The emotions she was going through, her anxiety, were all wasted on Saurav, for all he wanted to do was to speak even before he could listen. Every month we have morning meetings in our office. My husband, Sunil, is very particular about punctuality. For my own reasons I was late to the meetings by a few minutes. Sunil being Sunil, tried to explain to me that I had to be on time. But instead of fully listening to him, I went into defensive mode and started explaining as to why I was late. I didn't allow myself to listen or understand what Sunil was trying to convey. I just wanted to prove myself right and get out scot-free.
Result? Sunil was disgruntled and I was unhappy! Sunil, being a wise one, understand that I was no way prepared to listen or discuss on the topic. A few hours later he explained that if we as the Directors of the organisation were late, we would set a wrong example to the employees. This time I was in listening mode and could completely understand what Sunil was saying. Result? Sunil was satisfied that I have happily understood what he was saying and I was determined to always make it on time for the future meetings!

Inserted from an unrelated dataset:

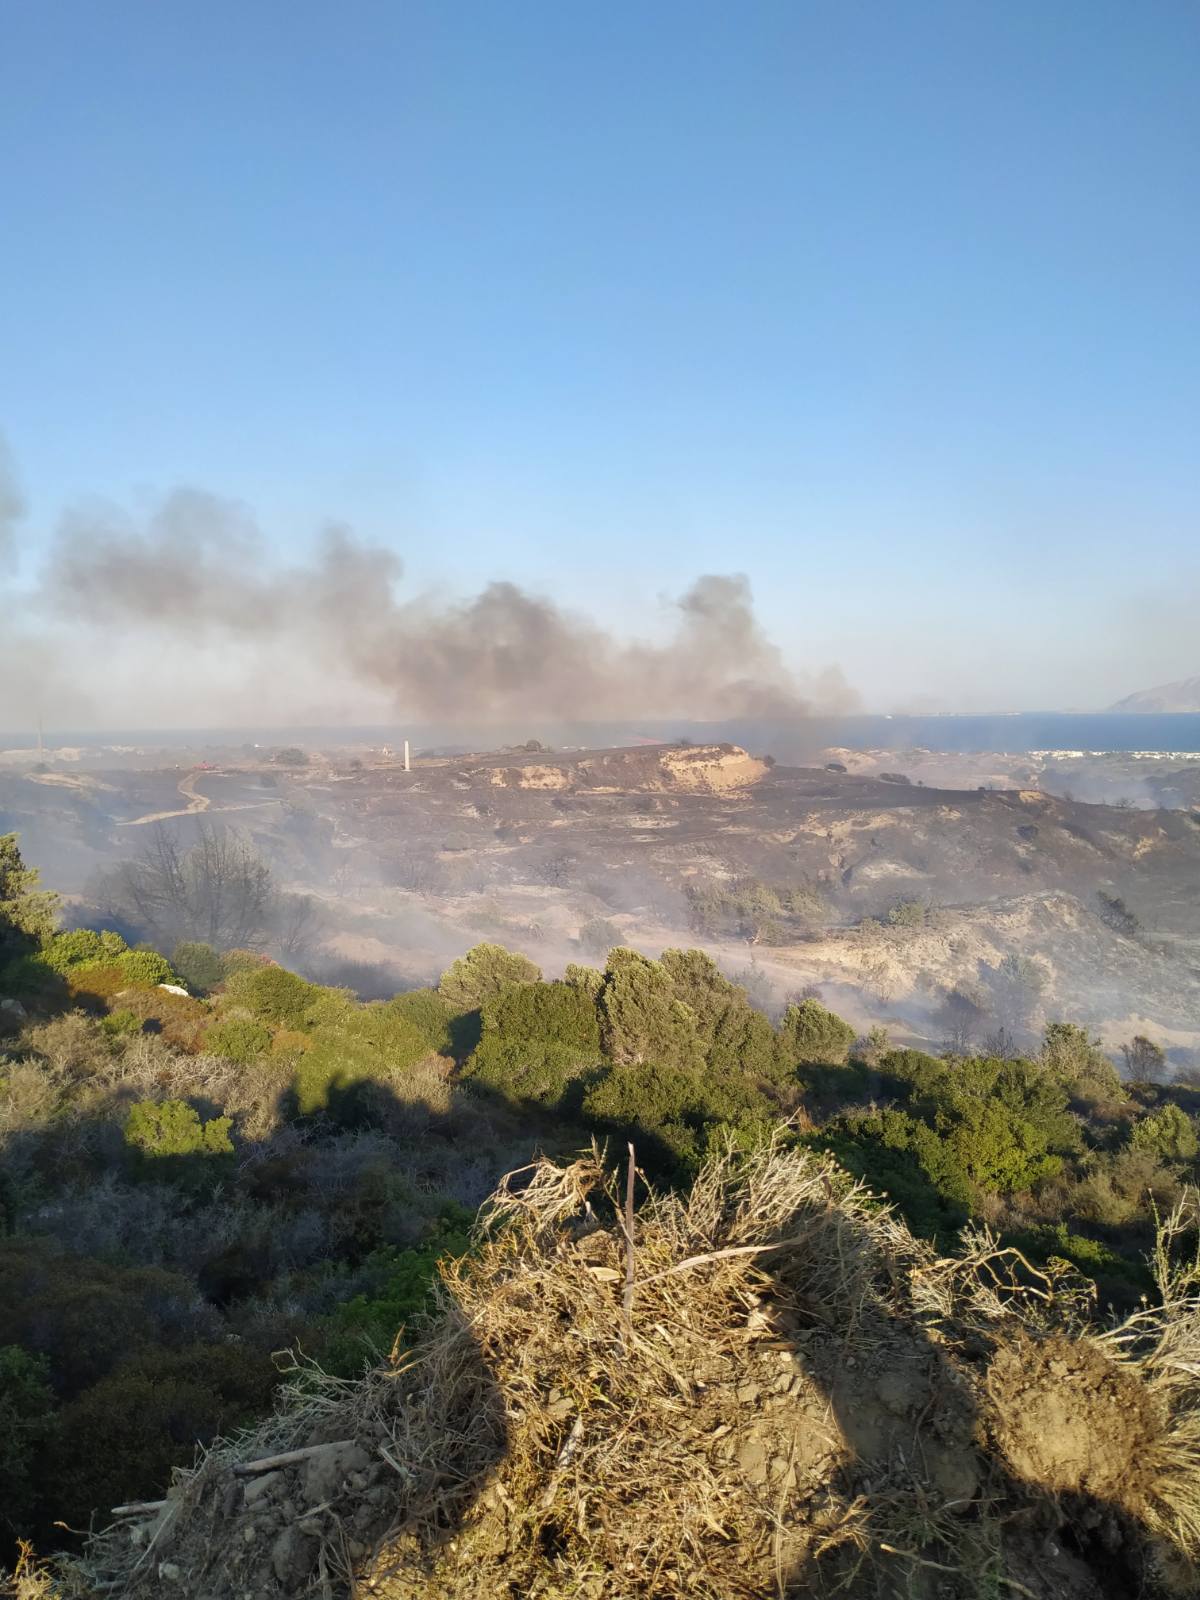 Πυρκαγιά σε δασική έκταση στην περιοχή Μαστιχάρι στην Κω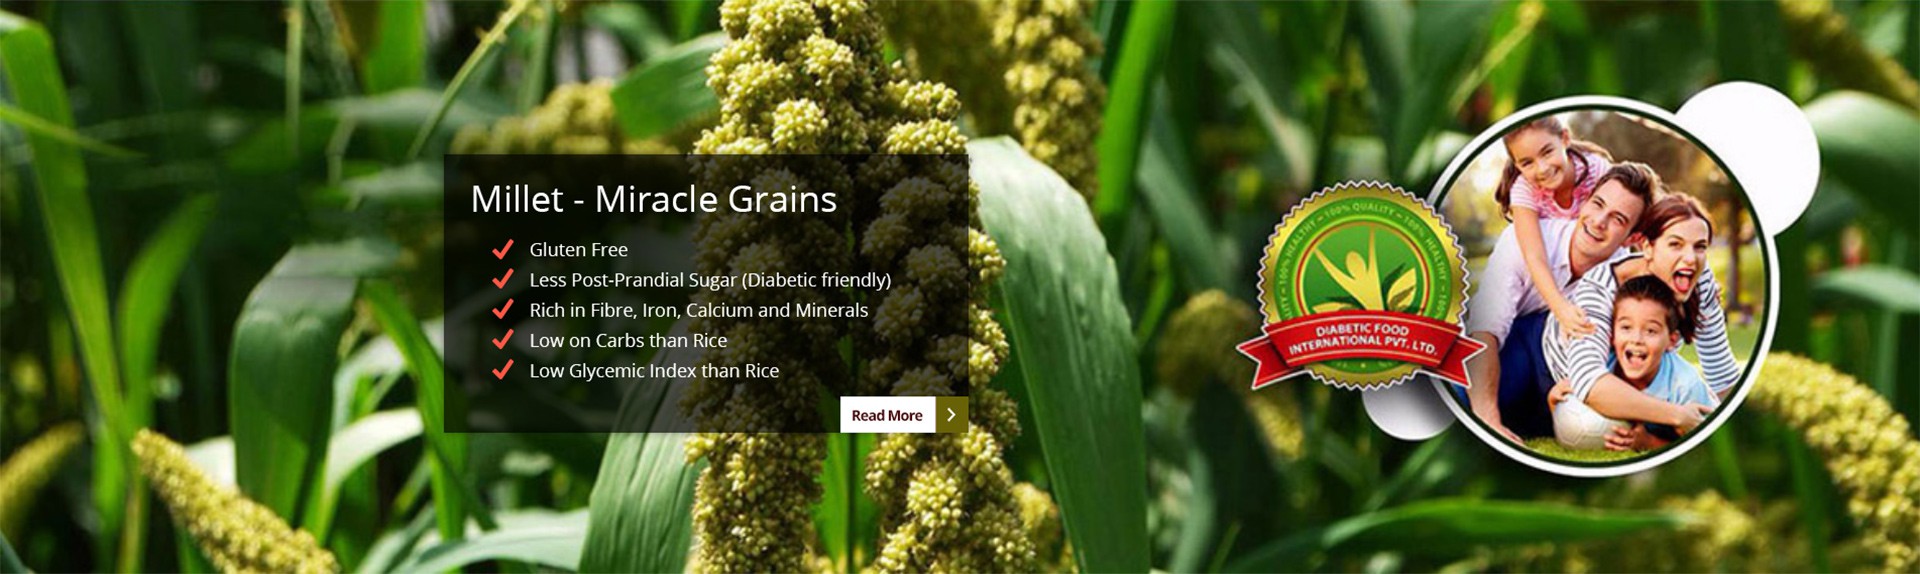 Millet - Miracle Grains

All of us want to begin speaking, explaining, advising, justifying even before we are done with listening! Doesn't it happen with you too? When your boss is wondering why the sales targets weren't met, before listening to him, aren't you ready with all the excuses? When a friend is sharing about her troubled marriage, aren't we ready with comforting words even before she is done with her speaking? When a child is expressing his feelings about something that really matters to him, aren't we ready with advice even before he is done with expressing? When the wife is sharing her problems with you, aren't you ready with solutions even before she can tell you that she has already solved it?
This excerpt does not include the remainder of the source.